(Reuters) U.S. energy regulators extended the date to August 2028 for U.S. LNG company Freeport LNG to complete its fourth liquefaction train at its Texas export plant.
The three existing liquefaction trains at Freeport have been shut since June 8 after a pipe explosion. The company expects the plant to return to at least partial service in November.
The U.S. Federal Energy Regulatory Commission (FERC) said in a filing on Thursday that Freeport has not yet started construction of the fourth train.

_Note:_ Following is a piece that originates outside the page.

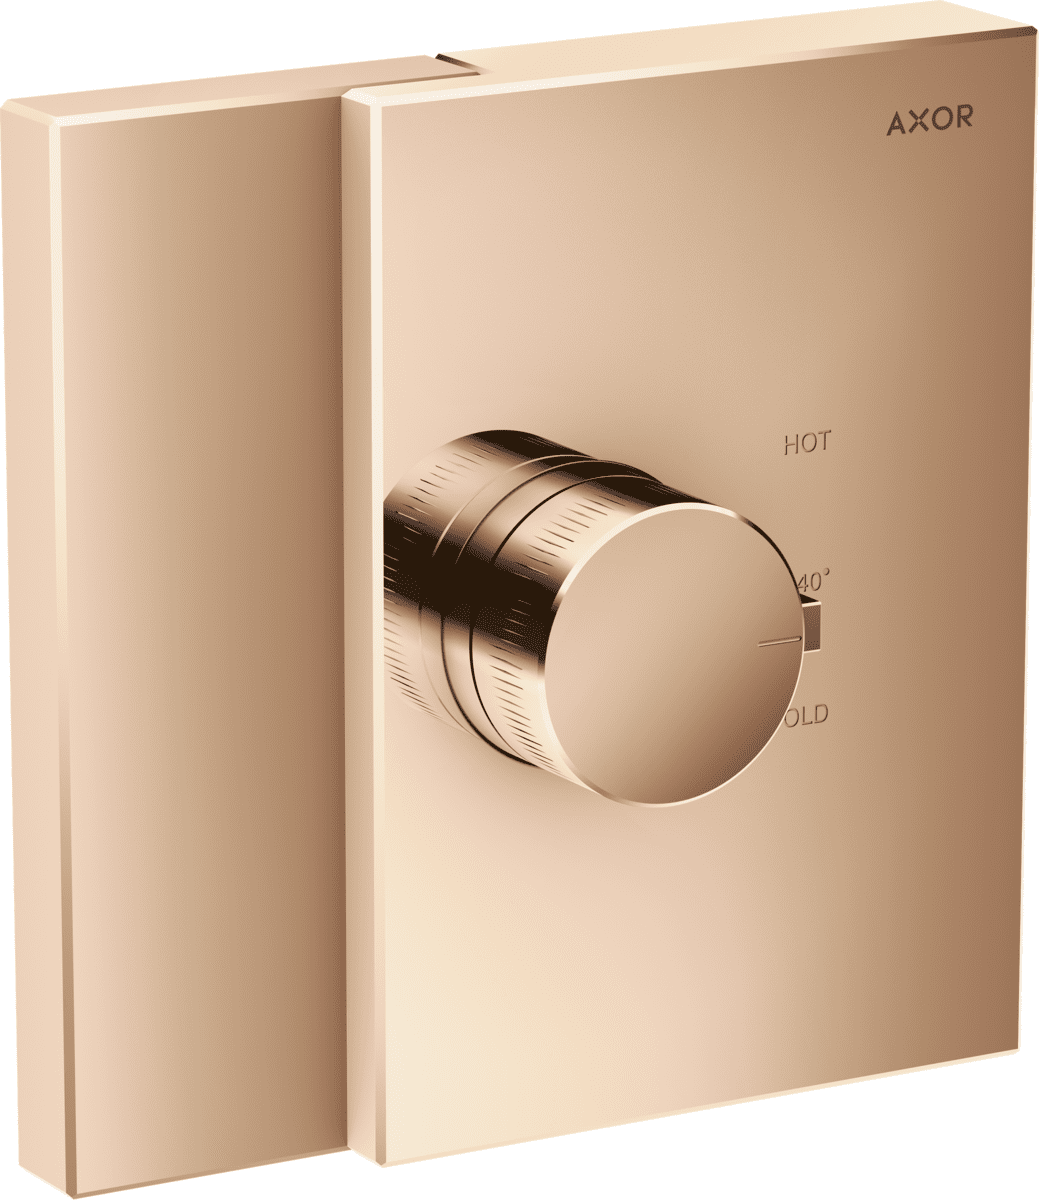 Picture of HANSGROHE AXOR Edge Thermostat HighFlow for concealed installation #46740300 - Polished Red Gold

Freeport said the project was delayed by the replacement of its engineering, procurement and construction contractor and the COVID-19 pandemic, including the pandemic’s effects on the global supply chain and the impact on global LNG demand.
However, Freeport said demand for LNG has rebounded and it has been actively negotiating with potential off-take customers.
Natural gas prices in Europe are up about 111% this year as LNG demand soars after supply disruptions and sanctions linked to Russia's Feb. 24 invasion of Ukraine.
Freeport said it will take about 48 to 56 months to build the new fourth train, which made it impossible to meet the previous FERC deadline of May 2026.
FERC first approved construction of the fourth train in May 2019, requiring Freeport to finish it by May 2023.
In September 2020 FERC extended the deadline to May 2026.
The three trains already at Freeport can turn about 2.1 billion cubic feet per day of natural gas into LNG.
Freeport's customers include units of Osaka Gas Co, JERA, BP, TotalEnergies and SK E&S. JERA is an alliance between units of Tokyo Electric Power Co Holdings Inc and Chubu Electric Power Co Inc.